抄録
目的 マウスpre-T ST4とSTH1a細胞は放射線高感受性アポトーシスを示すので、その分子要因を解析すること。
方法 高感受性放射線アポトーシスを特徴づけるシグナル分子(ATM, p53, Bcl-2s./BH3s)とcaspasesを解析し、分子経路を解明した。

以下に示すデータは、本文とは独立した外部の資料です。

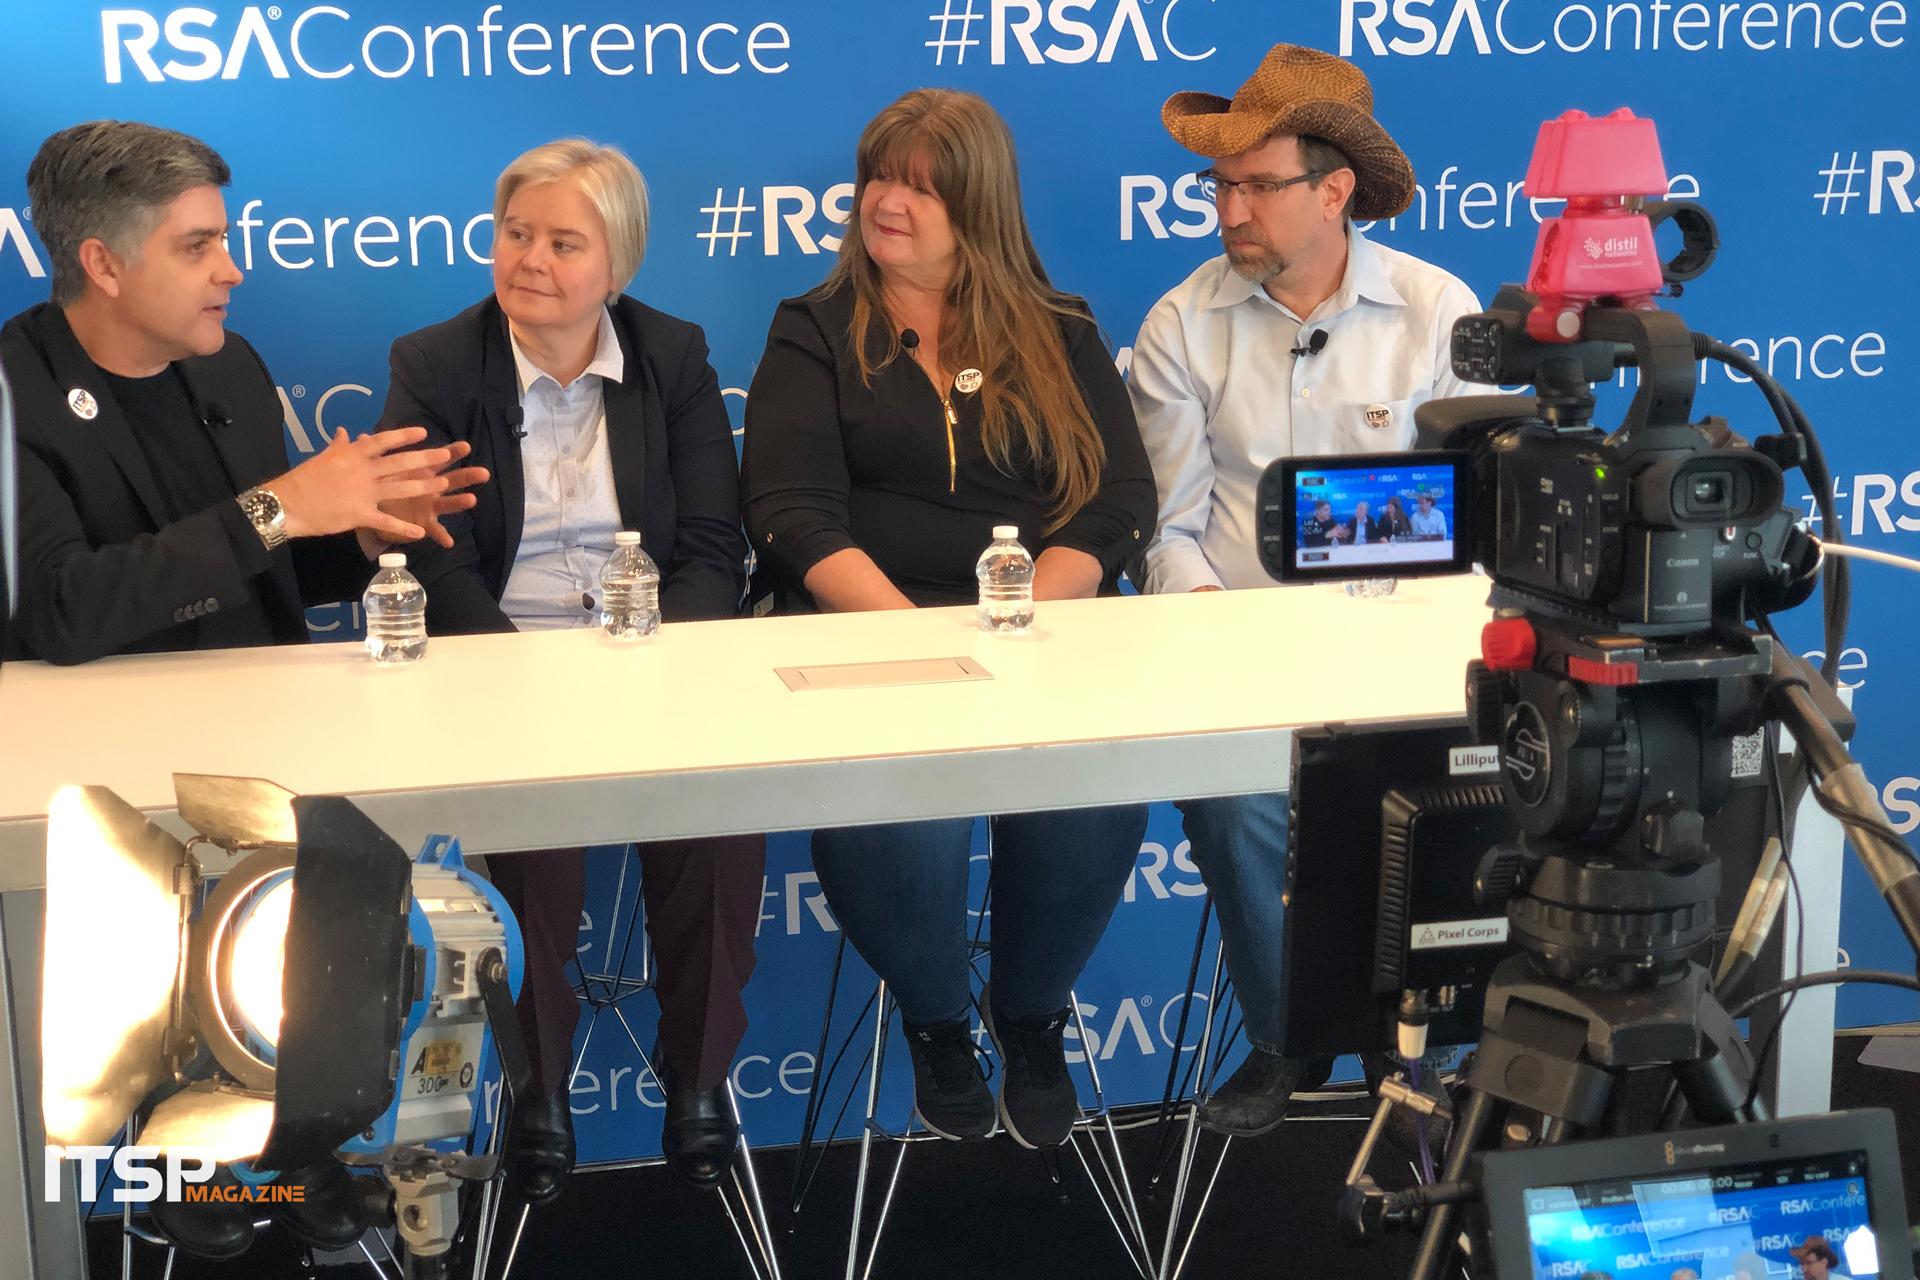 Sean Martin, Sian John (Microsoft), Candy Alexander (ISSA Int'l), Allan Alford (Mitel) (  watch the video  )

成績・考察 ST4とSTH1a 細胞は、1 Gy/4 hで~70%の放射線誘アポト−シスを示した。第1の経路は、DSBsによって活性化されたATM/p53がBH3-only PUMA, Noxa, Bim蛋白発現を促進し、PUMA/BimがBaxを、NoxaがBakを活性化(Mcl-1/Bakから遊離)した結果、cytochrome c (Cytc)を遊離し、caspase-9−caspase-3/7カスケードを活性化する内因経路であった。第2の経路はp53 下流でのPPIDosome (PIDD/RAIDD/caspase-2)を介したcaspase-2 の活性化経路で、Ac-VDVAD-CHOとcaspase-2 siRNAによって第1経路とは別個に阻害された。caspase-8によるtBid生成のDNA損傷アポトーシスへの寄与ついては賛否が分かれている。ST4とSTH1a両細胞では50% アポトーシスを起こす1 Gy/2 h の初期ではcaspase-8は活性化されず、さらにcaspase-8阻害よりもcaspase-2阻害がtBid生成をより強く阻害した。新経路caspase-2—tBid—Cytc遊離機構が解明され、第一の経路とともにST4/STH1aの放射線高感受性アポトーシスの分子的基礎をなした。